SELECT * FROM ORDER WHERE ORDER_ID_32 IN (id100....id128);

In addition, DRDS uses the single-node parallel execution feature to execute the IN query on different shards in parallel. For example, if the values in the IN clause of a query are distributed across 32 shards, the degree of parallelism for each query is equal to the number of cores of your node. If your node in DRDS has 16 cores, the default degree of parallelism is 16. In this case, the IN query routed to 32 shards is completed in 2 batches.

Alibaba Cloud provides the following recommendations on determining the number of values in the IN clause of a query based on its experience:
  • Specify a number that is significantly smaller than the number of shards so that not all shards need to be scanned each time a query is performed.
  • Make sure that the number of values does not increase due to business development. This prevents the query performance from being compromised because of business development.
  • To maintain low RT and a high throughput, specify a number that ranges from 8 to 32.

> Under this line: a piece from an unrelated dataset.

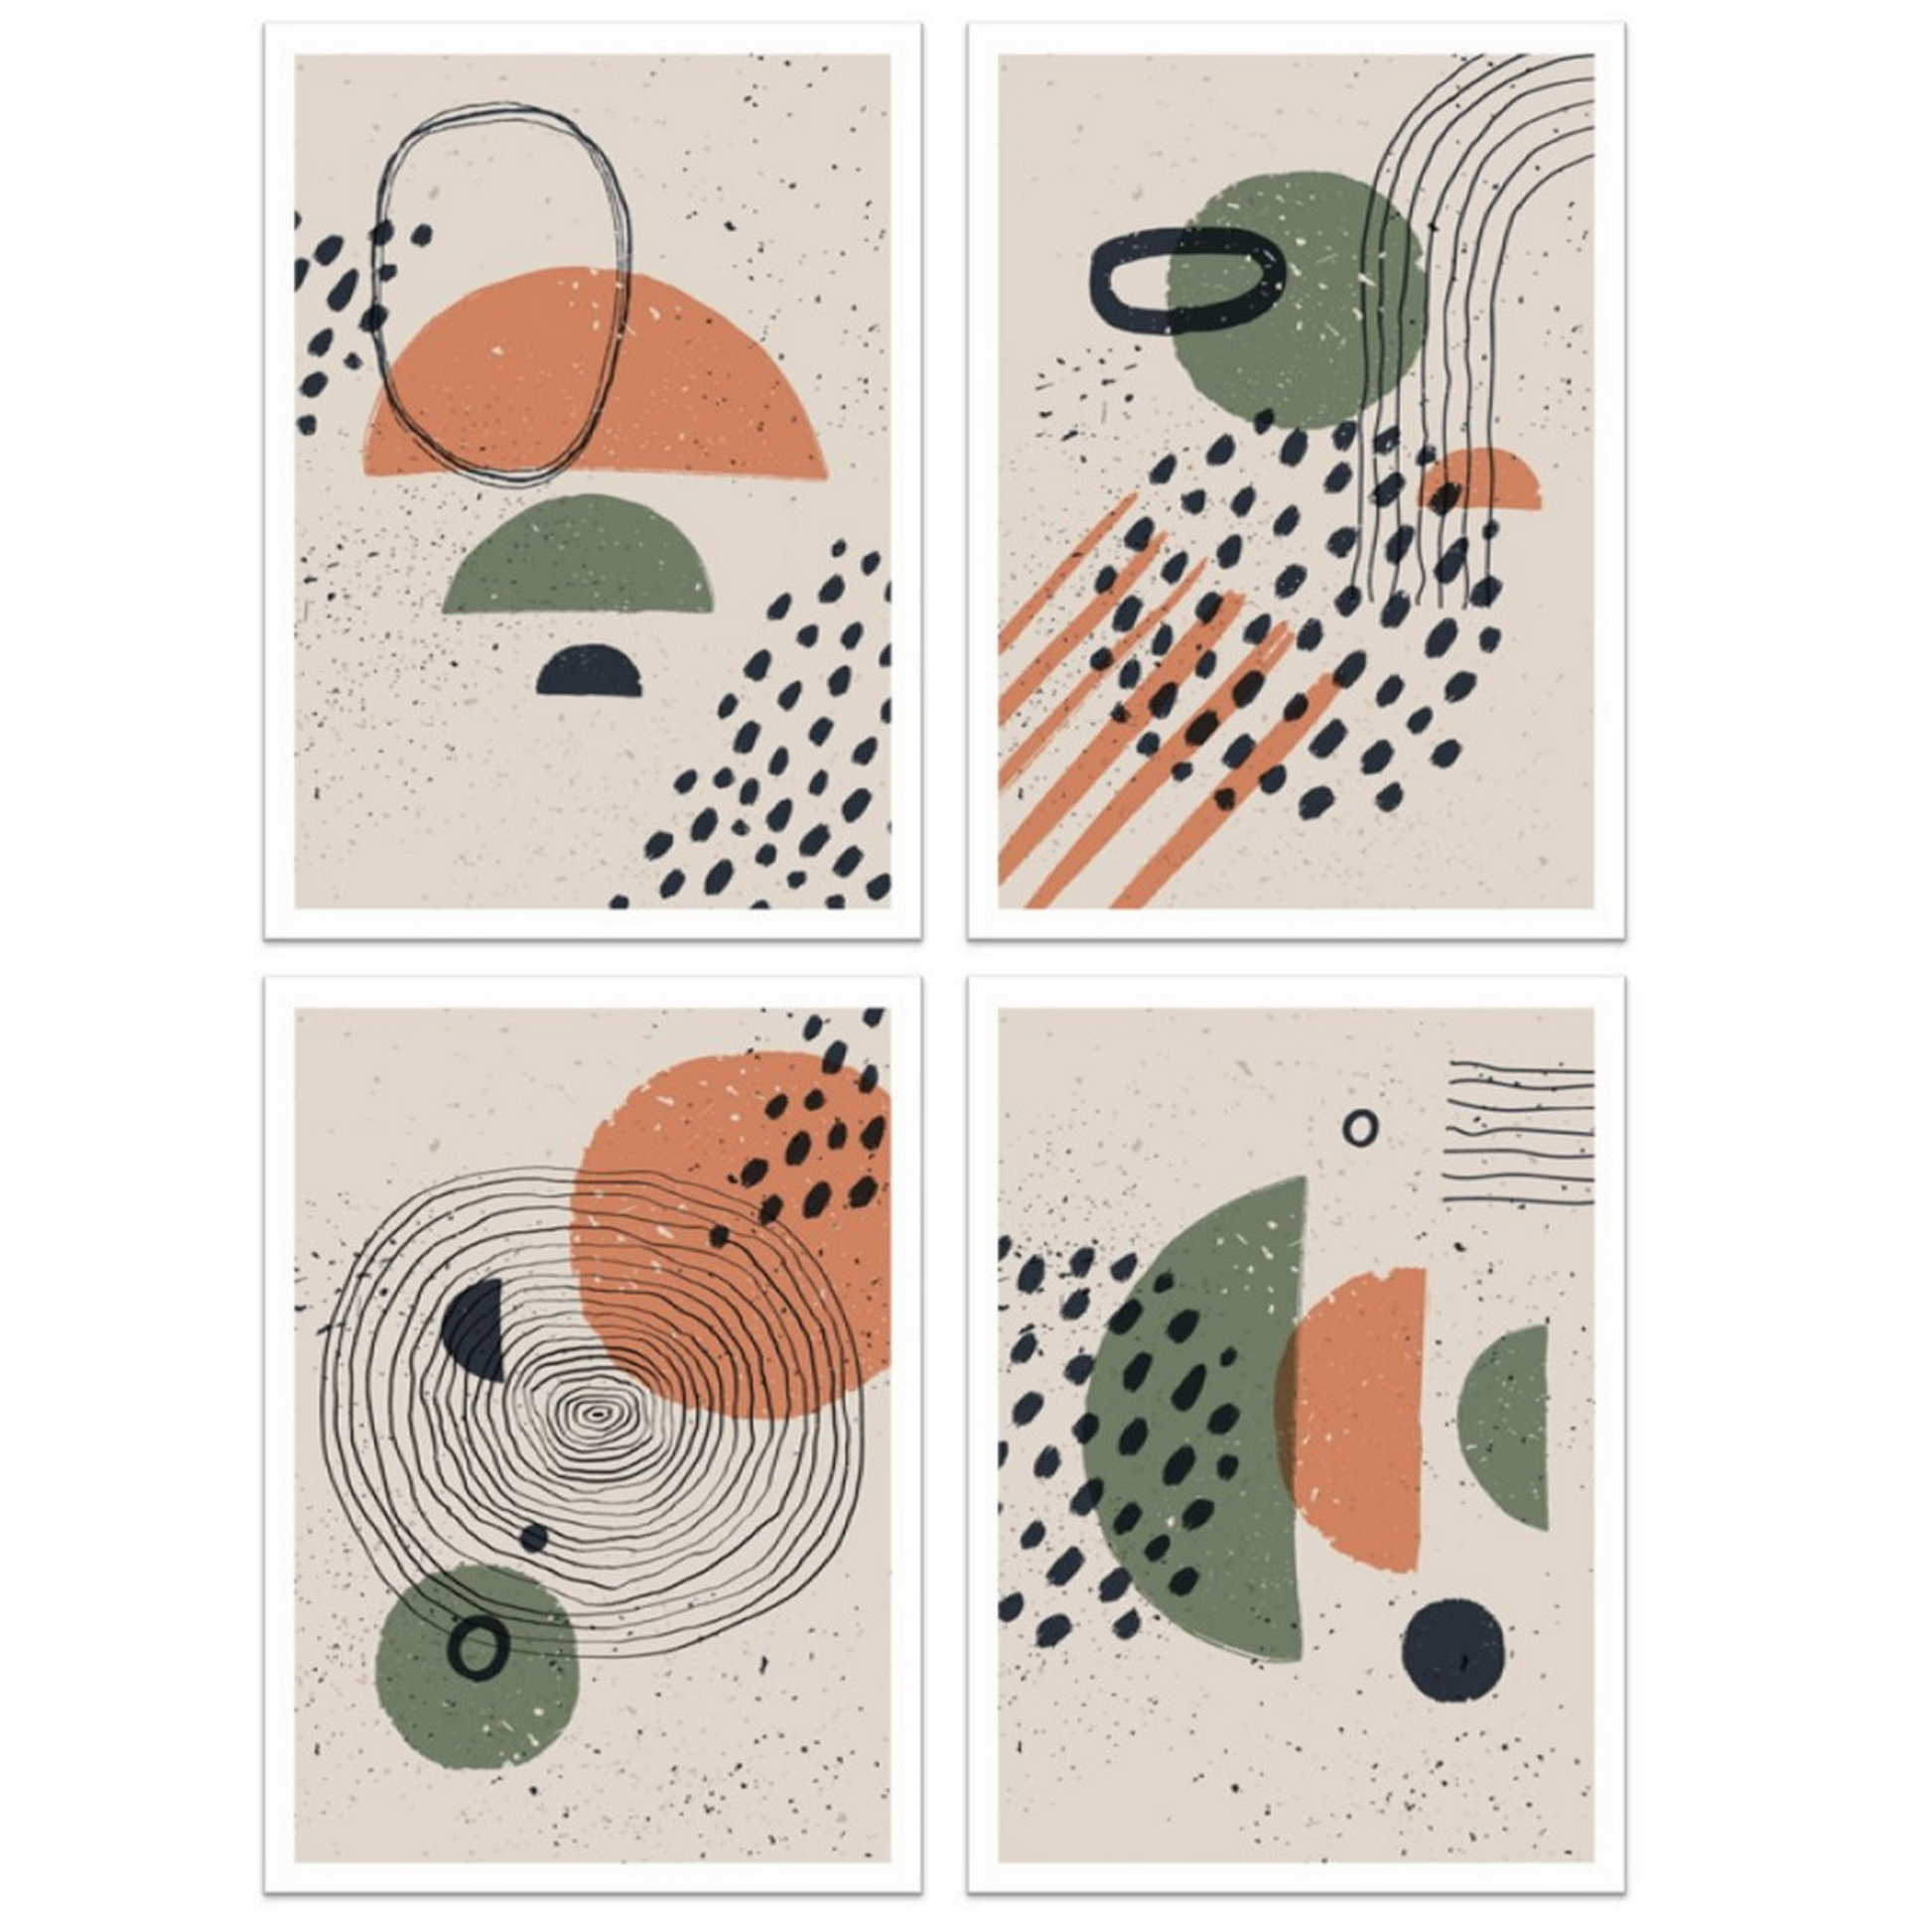 Serie med 4 motiver i abstrakt mønster. Fargenyanser i sort, rust, grønn og beige.

If the preceding requirements are met, linear scalability can be performed for your business to handle concurrent IN queries, with nearly no obvious increase in the RT. For example, DRDS in which a 16-core node is deployed supports the concurrent execution of 10,000 IN queries. After another 16-core node is added, DRDS supports the concurrent execution of 20,000 IN queries.

25337302

Comparison test

This test aims to help you determine the optimal number of values in the IN clause of a query so that you can maintain low RT and a high throughput. In the test environment, two nodes and a table that has 64 shards are used. The specification for each of the nodes is 16 cores and 64 GB memory. Each of the table shard contains millions of data records. The test result shows the RT and throughput changes as the number of values in the IN clause and the number of concurrent queries increase. In DRDS V5.4.8-16069335 and later, the dynamic column pruning feature is optimized to process IN queries. The unnecessary values in the IN clause of each SQL statements in your query are pruned. The following figures show the test results.

  1. The following figure shows the RT changes as the number of concurrent queries and the number of values in the IN clause increase, after the dynamic column pruning feature is enabled. 25337303
  2. The following figure shows the throughput changes as the number of concurrent queries and the number of values in the IN clause increase, after the dynamic column pruning feature is enabled. 25337304
  3. The following figure shows the RT changes as the number of concurrent queries and the number of values in the IN clause increase, after the dynamic column pruning feature is disabled. 25337305
  4. The following figure shows the throughput changes as the number of concurrent queries and the number of values in the IN clause increase, after the dynamic column pruning feature is disabled. 25337306
From the preceding figures, you can draw the following conclusions:
  • When the number of values in the IN clause is 8 to 32, you can maintain low RT and a high throughput. In addition, the degree of parallelism is almost identical to the default degree of parallelism of the single-node parallel execution feature provided by DRDS. The default degree of parallelism is equal to the number of the CPU cores of a node.
  • After the dynamic column pruning feature provided by DRDS V5.4.8-16069335 or later is enabled, the RT for IN queries is decreased and the throughput for IN queries is increased. Therefore, we recommend that you upgrade your DRDS to V5.4.8 or later so that you can use the dynamic partition pruning feature.